Solution: Verify the API key value in the proxy environment variables matches the key shown in Binance API Management. If you set an IP allowlist on the Binance key, add the Firebase Cloud Functions outbound IP (check GCP for the range). Confirm the key has the permissions needed for the endpoint (e.g. 'Enable Reading' for account data).
Best practices
- Never put the Binance API secret in FlutterFlow API Call headers, App Values, or Dart Custom Actions — it ships in the compiled app bundle and can be extracted.
- Use read-only permissions when generating the Binance API key for a dashboard app; only enable trading permissions if the app genuinely places orders.
- IP-restrict your Binance API key to the Firebase Cloud Functions or Supabase Edge Function outbound IP to limit blast radius if the key leaks.
- Cache public ticker data in App State for 30–60 seconds and use Periodic Actions instead of triggering an API Call on every widget rebuild.
- Use server-side timestamps (Date.now() in the proxy) for signing, never device timestamps — device clocks drift and cause signature rejections.
- Verify current request-weight costs in the Binance API documentation before choosing polling intervals — weights change across API versions.
- For web builds, route all calls (including public ones) through the proxy to avoid CORS blocks; for native mobile, public calls can go direct.
- Filter zero-balance assets in the proxy response rather than in FlutterFlow to keep payload sizes small and list widgets clean.
Alternatives
Coinbase offers a more beginner-friendly API with OAuth user authentication, making it better suited for apps where end users log into their own Coinbase accounts.
If you need payment processing in your app rather than crypto trading data, Stripe is the standard choice with a FlutterFlow-native integration path.
For reading bank and brokerage account balances without executing trades, Plaid is the compliant, officially-supported aggregation alternative to raw exchange APIs.
Frequently asked questions
Can I put the Binance API secret in a FlutterFlow App Value or Custom Action?
No. App Values are compiled into the app bundle and can be read by decompiling the APK or IPA. Custom Action Dart code is also compiled into the binary. Anyone who installs your app can extract the secret and use it to trade or withdraw funds from your account. Always keep the secret in a Firebase Cloud Function or Supabase Edge Function.
Can I use Binance WebSocket streams in FlutterFlow for real-time prices?

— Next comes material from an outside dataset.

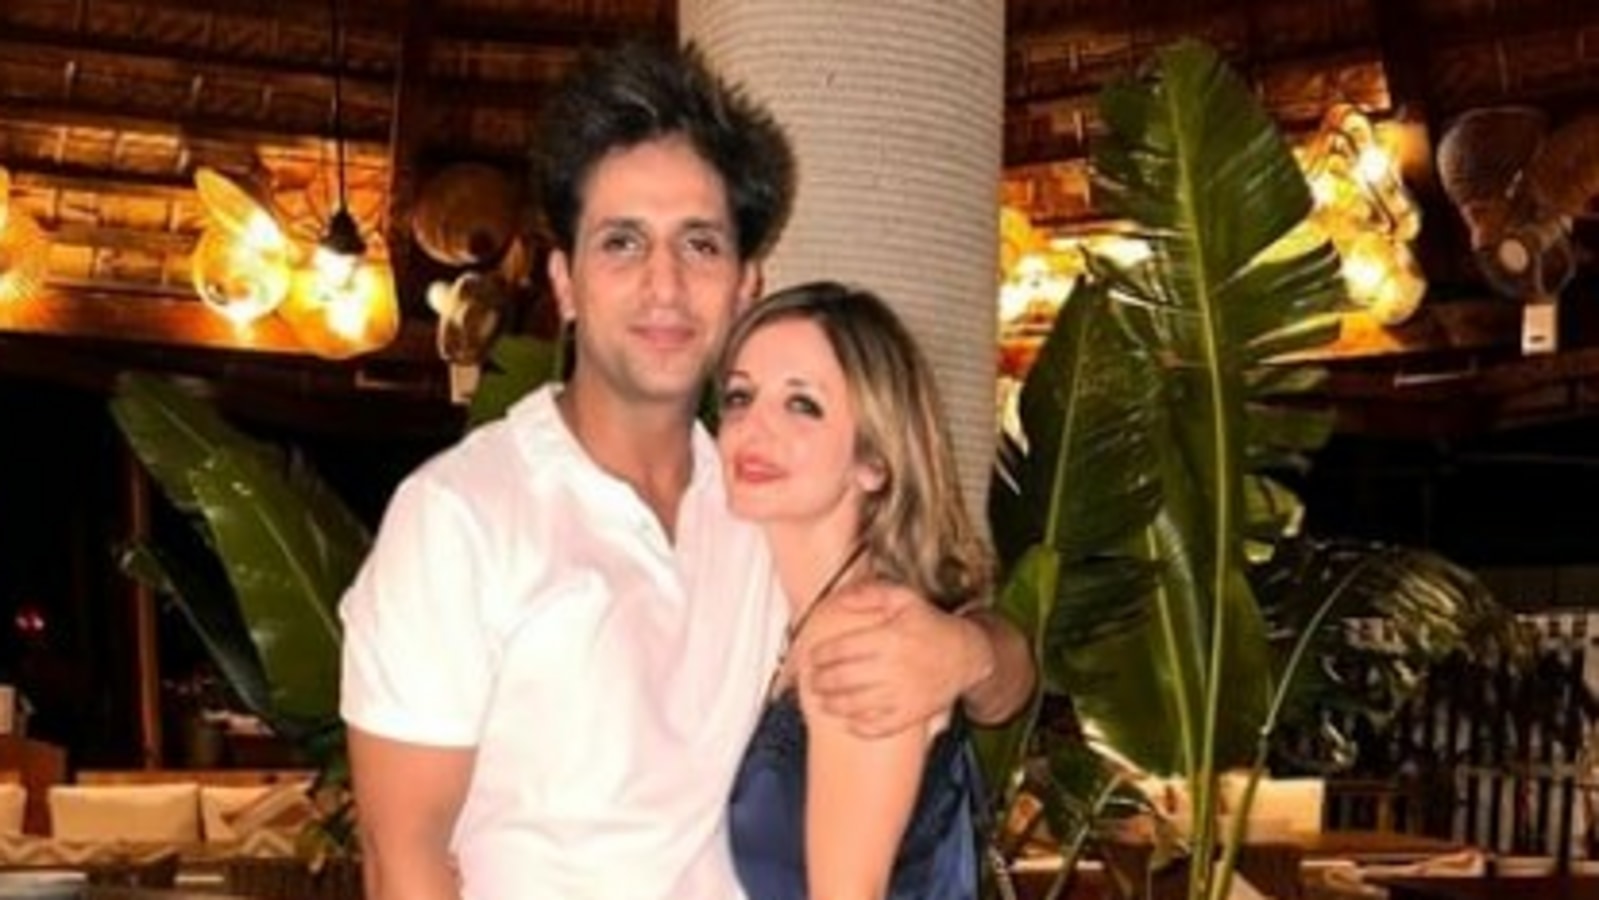 Sussanne Khan gets cute birthday wish from boyfriend Arslan Goni via special video, she reveals his nickname. Watch

FlutterFlow API Calls are HTTP request/response — they cannot hold open a WebSocket connection. For real-time streaming, you would need a Dart Custom Action using the `web_socket_channel` package from pub.dev. Be aware that custom actions do not run in FlutterFlow's web Test Mode — you must test on a physical device or APK build. For most dashboards, polling every 30 seconds via API Calls is simpler and sufficient.
Do I need the Binance API key for public market data like prices and klines?

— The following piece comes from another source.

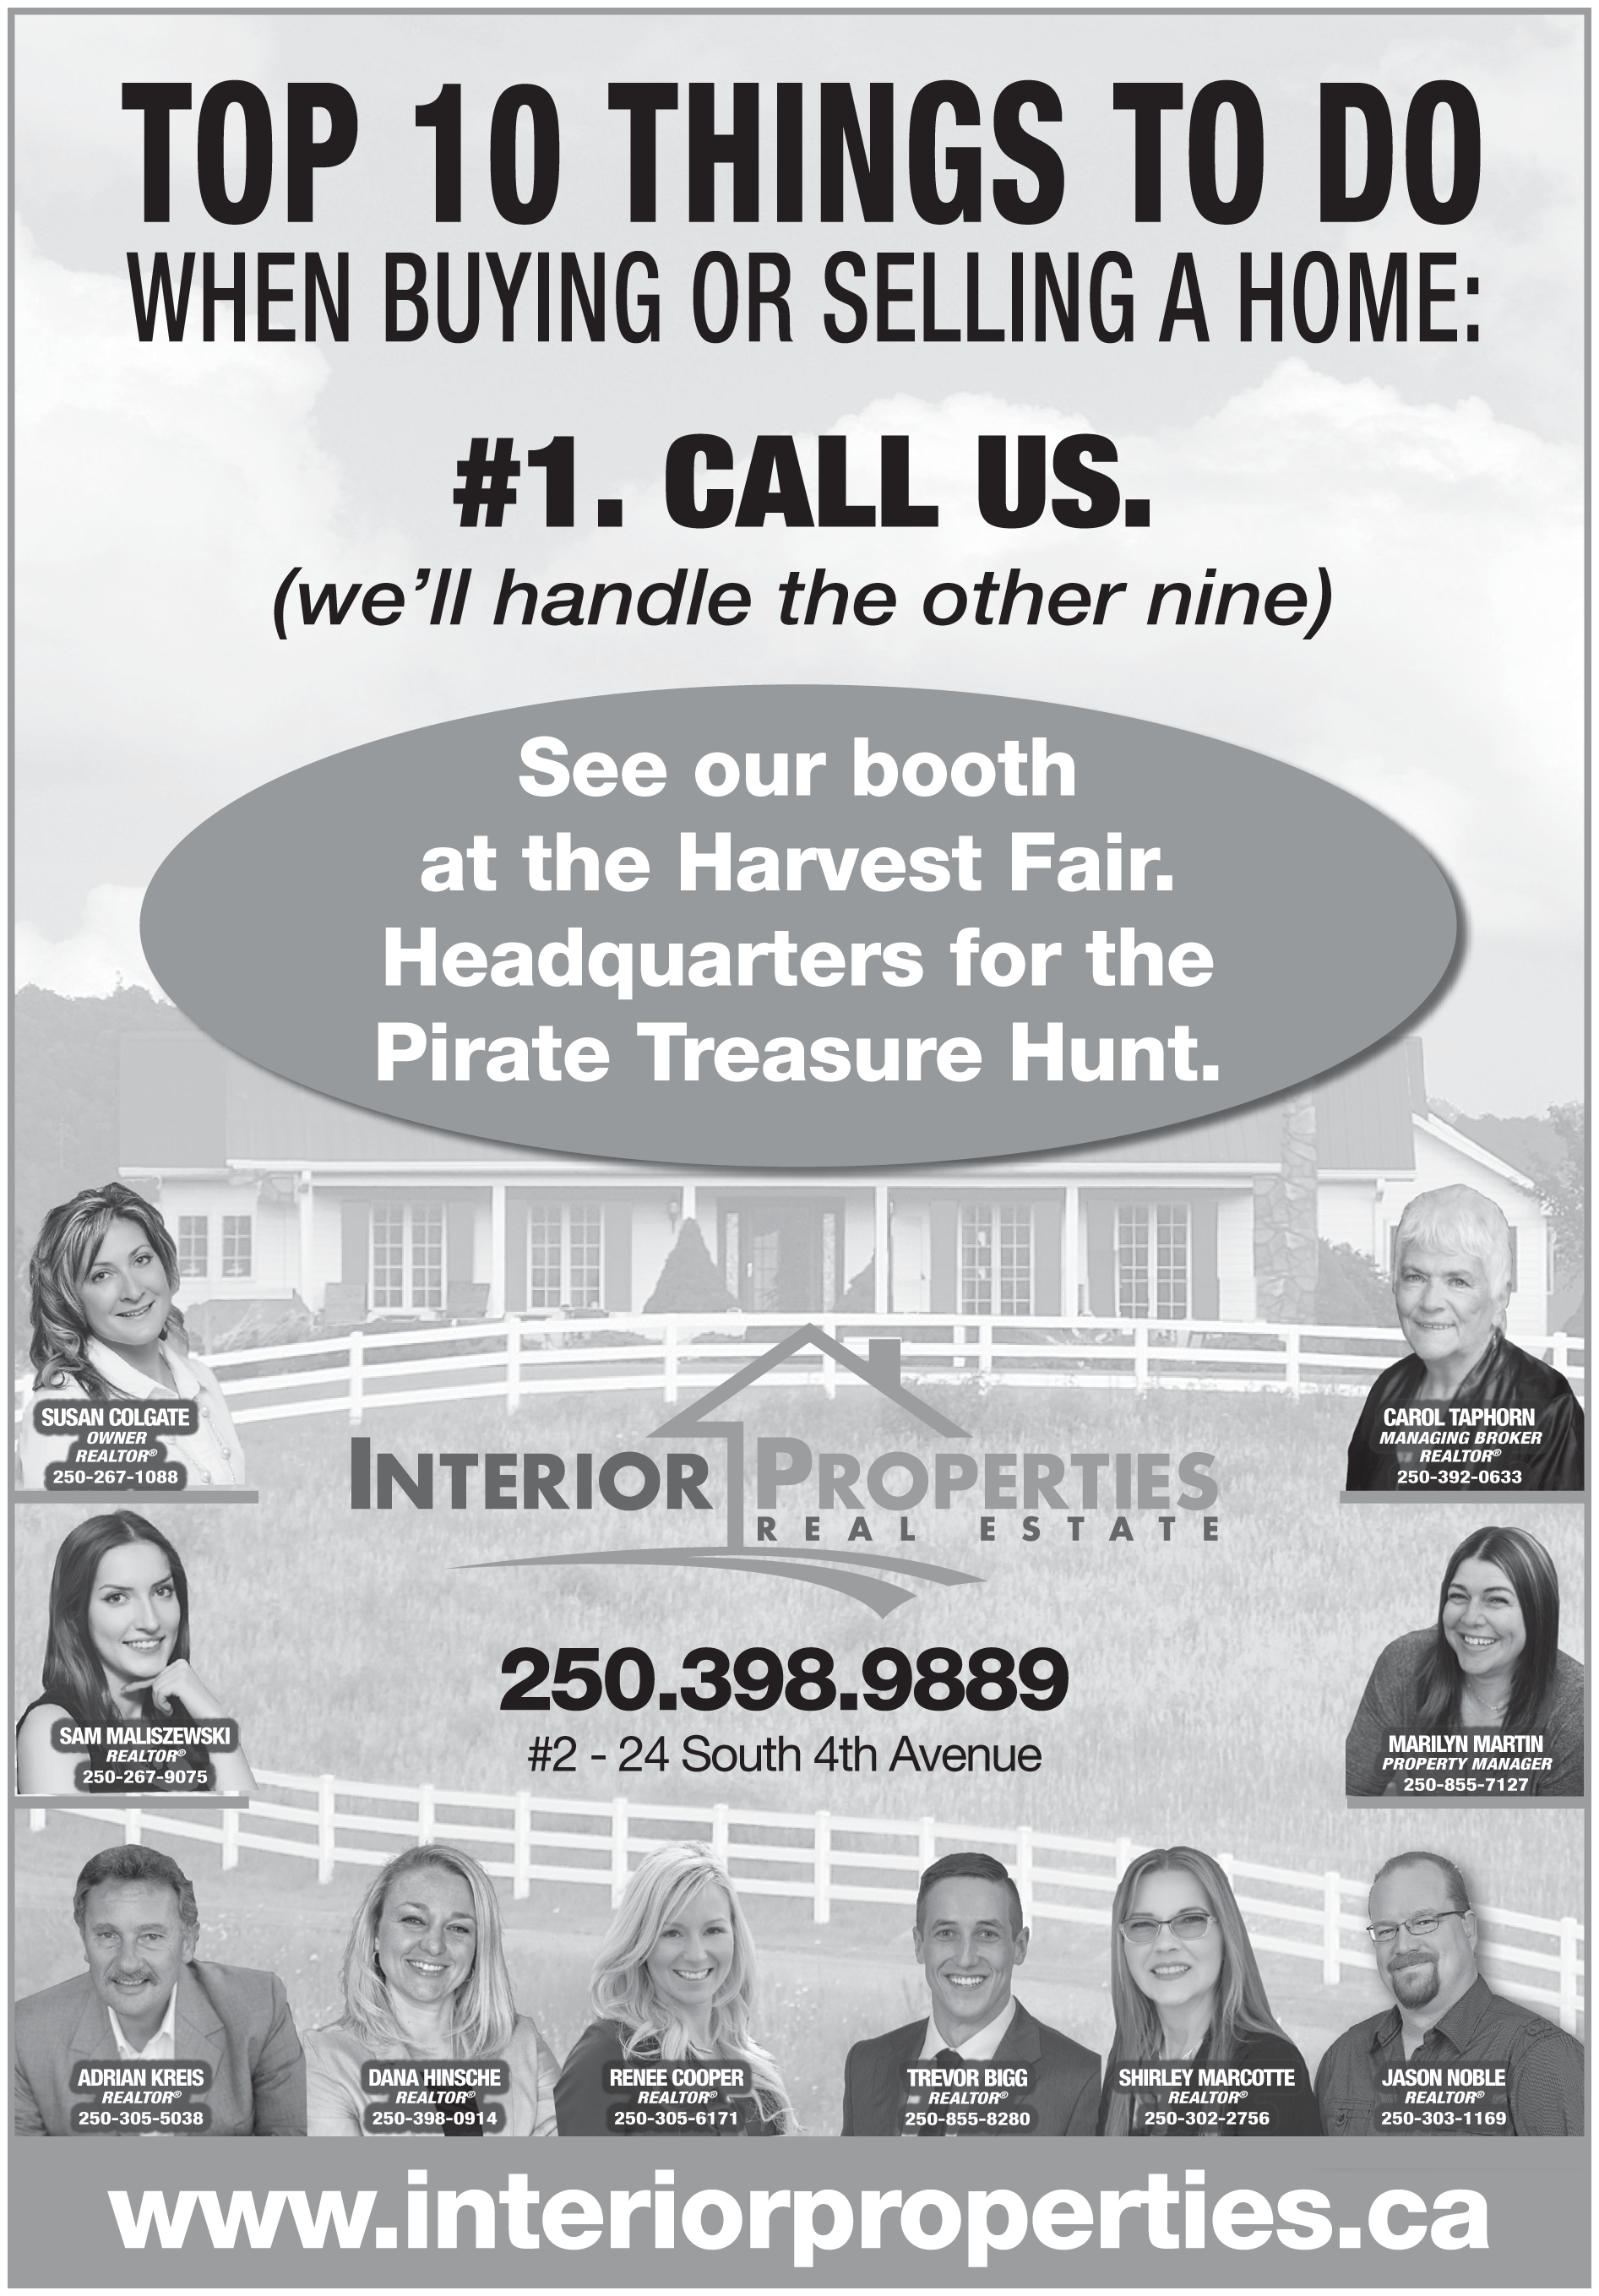 Please take a moment to visit our wonderful sponsors, Interior Properties Real Estate.  Click here.

No. Public endpoints including `/api/v3/ticker/price`, `/api/v3/klines`, and `/api/v3/depth` work without any authentication. You can call these directly from FlutterFlow API Calls without a proxy. The API key (as `X-MBX-APIKEY` header) is optional but raises the rate-limit tier; the secret key is only required for signed private endpoints.

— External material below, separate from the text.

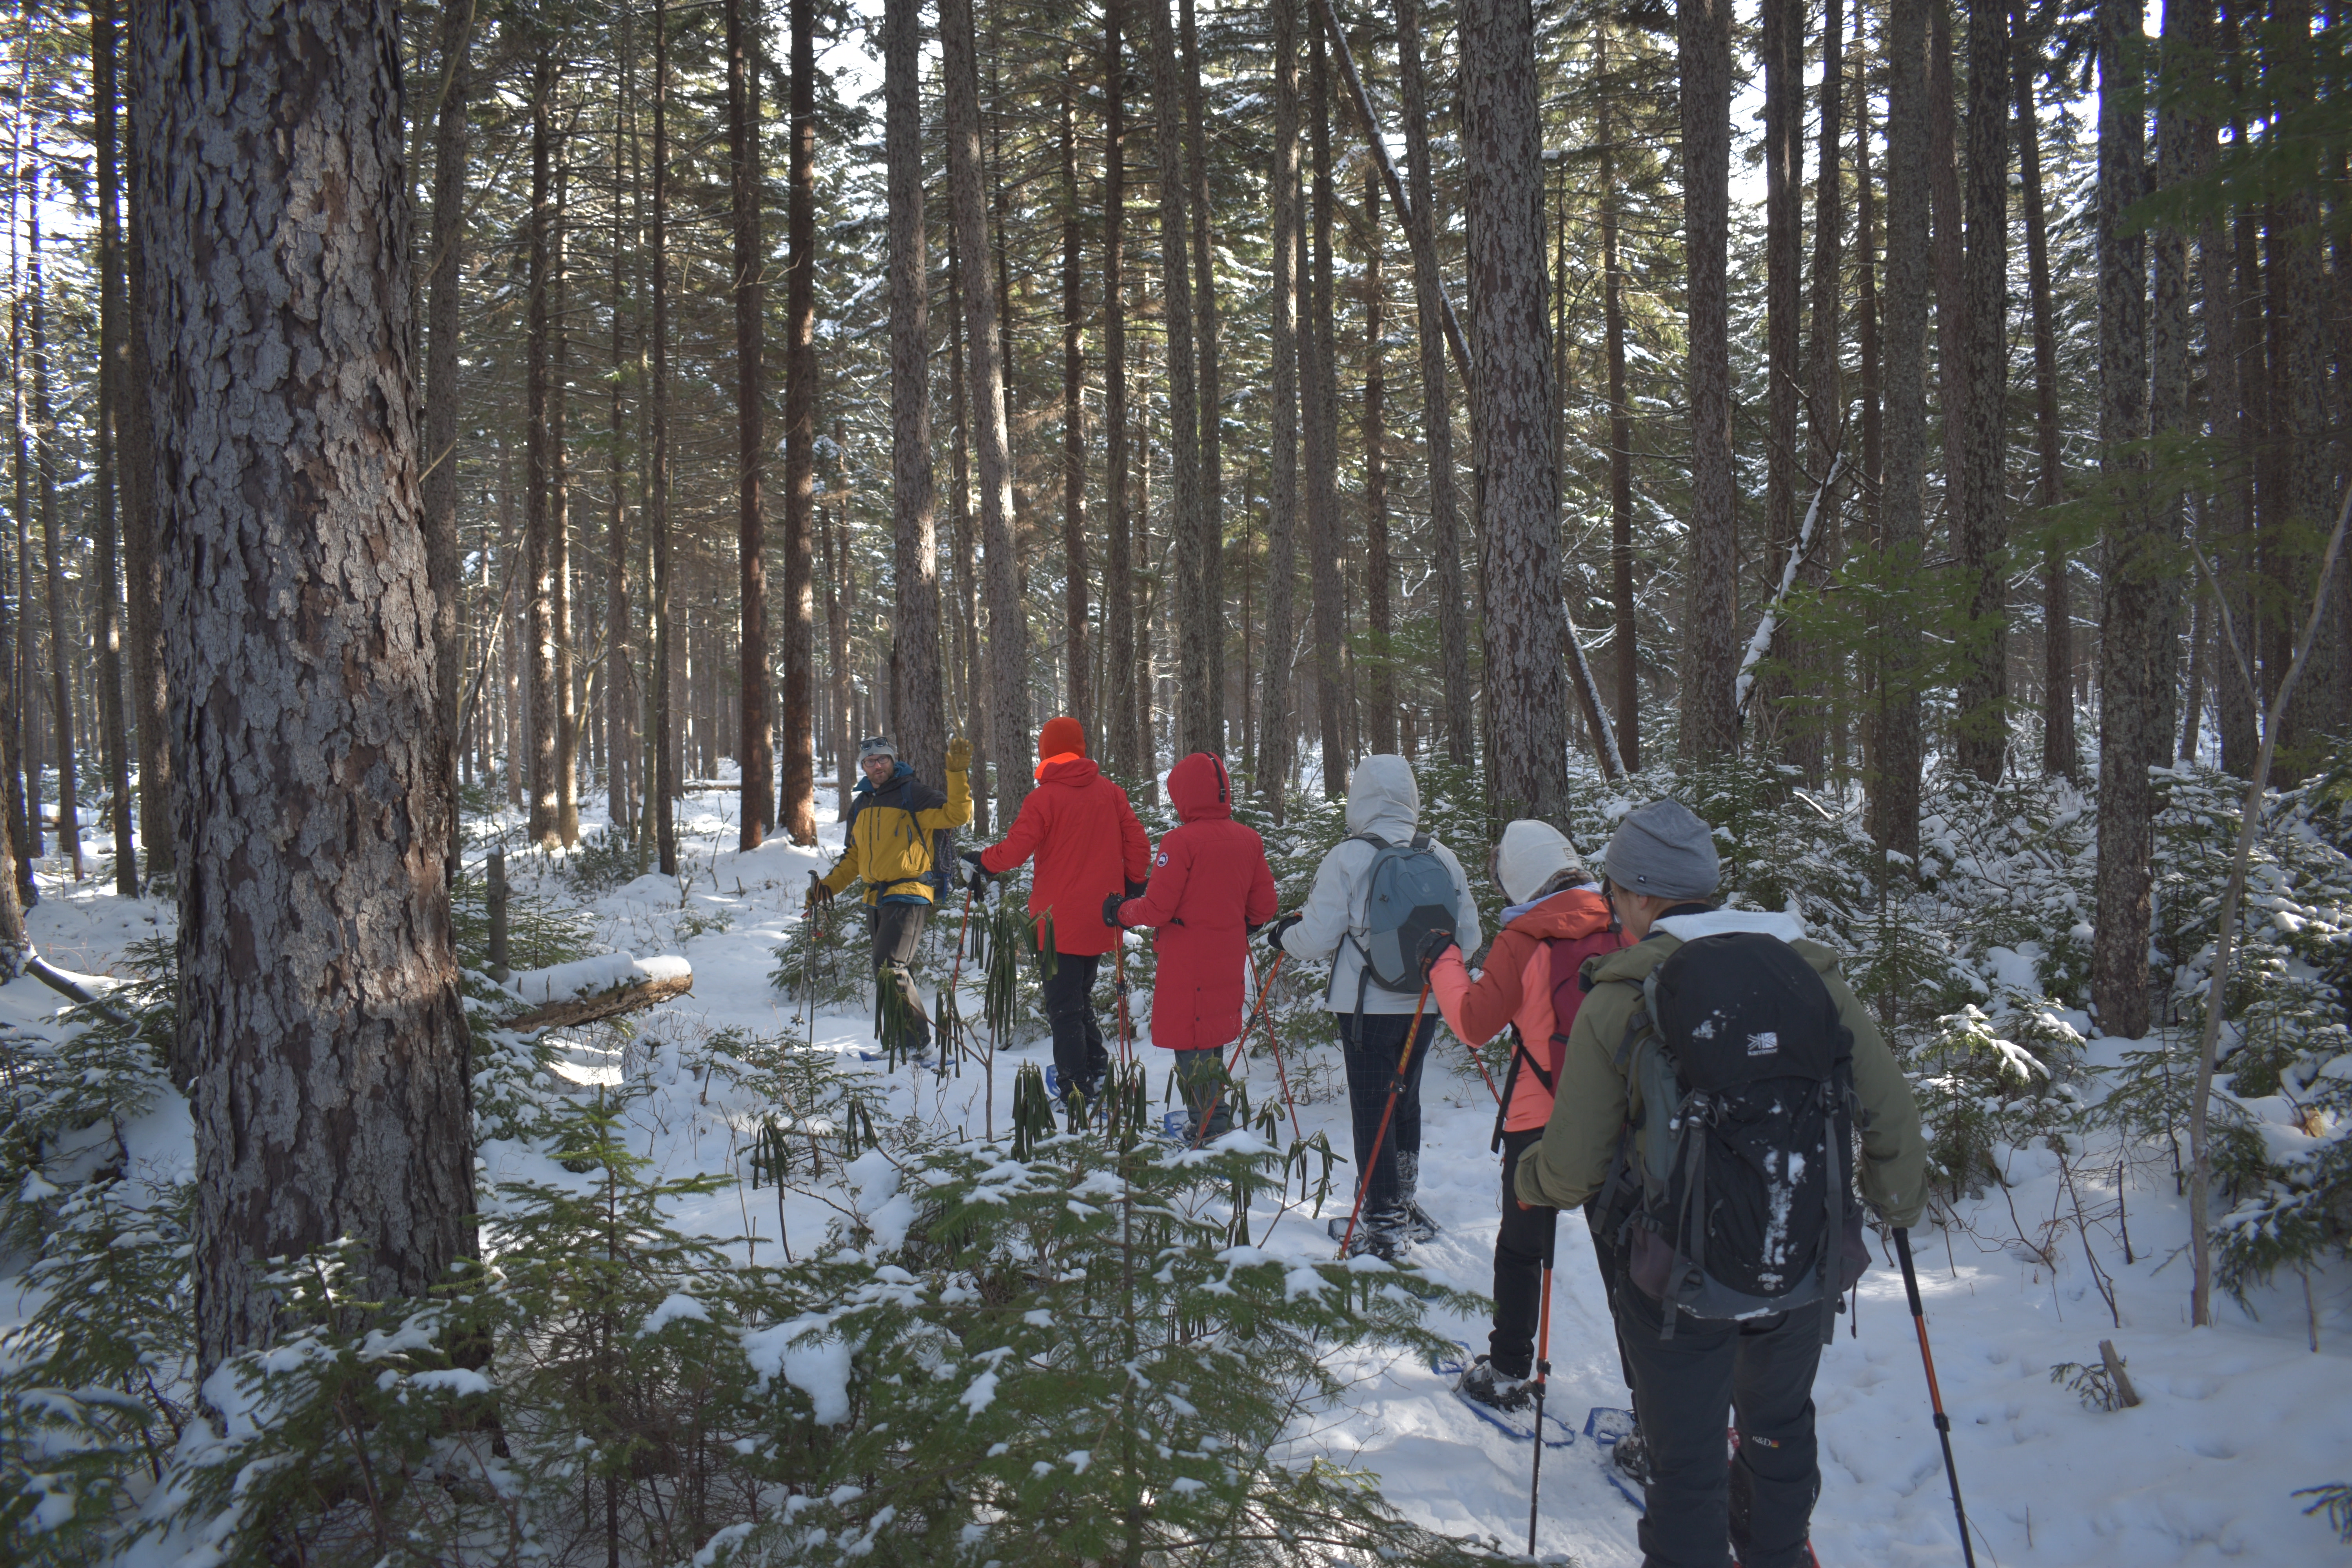 Richard explains features of the forest to guests as they snowshoe.

What happens if Binance changes its API endpoints?
Because all private calls go through your Firebase/Supabase proxy, you only need to update the proxy code — not redeploy the FlutterFlow app. For public calls configured directly in FlutterFlow API Calls, you would need to update the endpoint in the API Call settings and publish a new app version. This is another reason to route all calls through a centralized proxy where possible.
Does this integration work for FlutterFlow web builds?
Public Binance endpoints block browser-origin requests (CORS), so even public calls will fail in a FlutterFlow web build if pointed directly at `api.binance.com`. Route all calls through the Firebase proxy for web builds — the proxy makes server-to-server requests that bypass browser CORS restrictions. Native iOS and Android builds are not affected by CORS.